I used to love writing. I still do, but now I have a lot of trouble pouring out my thoughts on paper (or a keyboard) in any form of coherent manner. There just seems to be this hesitation that never used to be there. What if people hate what I write? What if I come across sounding wanky and egotistical? Why am I so unsure of myself? *cue smacking my head on the desk repeatedly*

I have started sharing my stories again, personal ones, and every single time without fail I am filled with anxiety and spend ages hovering over the ‘post’ key. It feels so freaking stupid, I know logically that nothing bad is going to happen, nearly everyone has a blog these days, it’s amazing. I love reading people’s personal thoughts and cheering them on their journey, so why would mine be any different?

I attended a personal development retreat recently, and the first exercise we did was to write down our personal story, just pen to paper, keep writing for half an hour solid. That part was easy, I just turned my brain off and kept scribbling until I was told to stop. Surprisingly I had filled up pages and pages, I hadn’t written this much in ages and I was starting to feel quite proud of myself. It felt good to get some things out on paper.

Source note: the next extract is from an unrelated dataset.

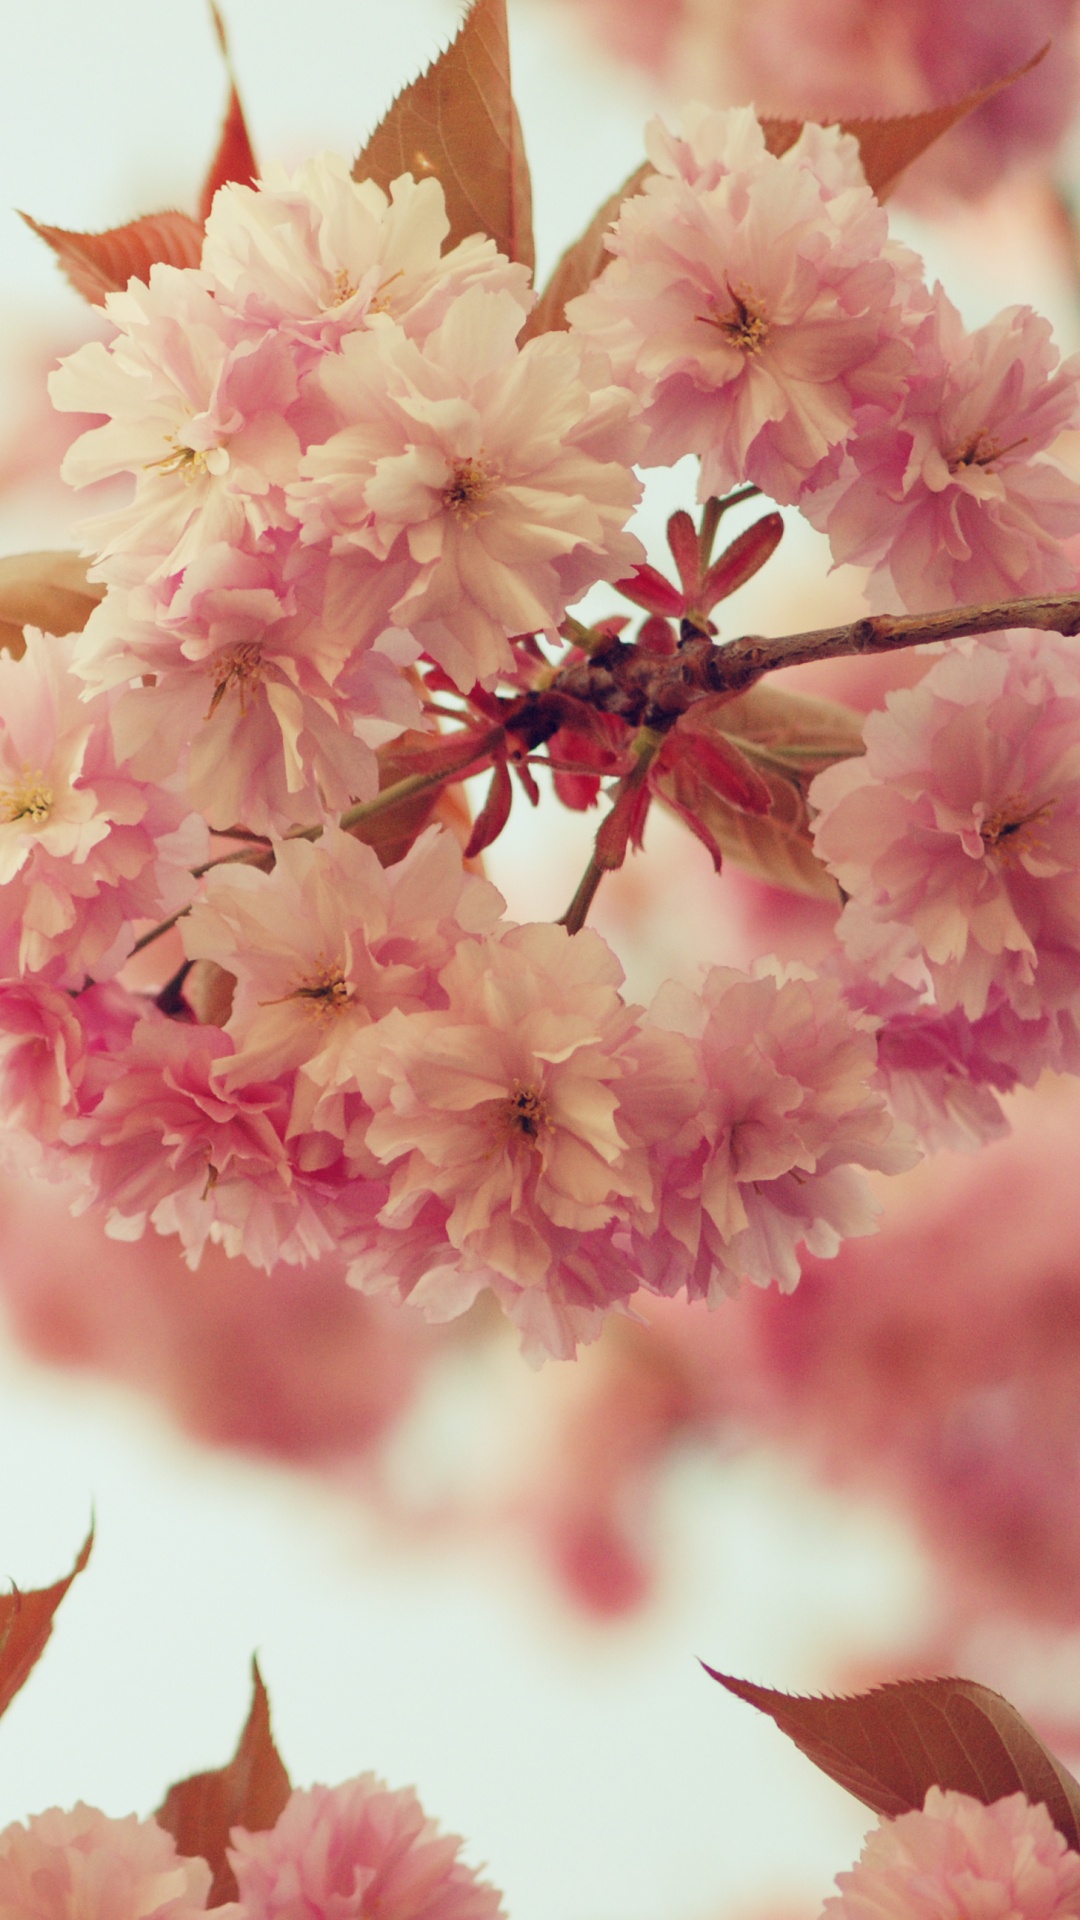 粉红色, 开花, 弹簧, 樱花, 梅梅 壁纸 1080x1920 允许

“Now read it to the person next to you”

Wut.

My palms started sweating and I could feel an anxiety attack coming on. Luckily it was their turn first and I was blown away by the honesty and trust as she just poured her heart out to a complete stranger. So I held space and tried not to cry, and trusted her to do the same for me. It was hard. Like, really hard. I was an attractive mess, tears and snot pouring down my face by the end of it. I didn’t realize how much certain things still hurt to talk about. Then we did it again. And again. Kept repeating our story until it didn’t hurt anymore.

That weekend was hard, and I am still processing some of the things that came up for me, even though it was about a month ago now. While I am still scared shitless about sharing personal things out of fear of judgement, I know I can do it and not die. So I’m going to do it, and keep doing it until I feel confidant and stop caring what people think of me.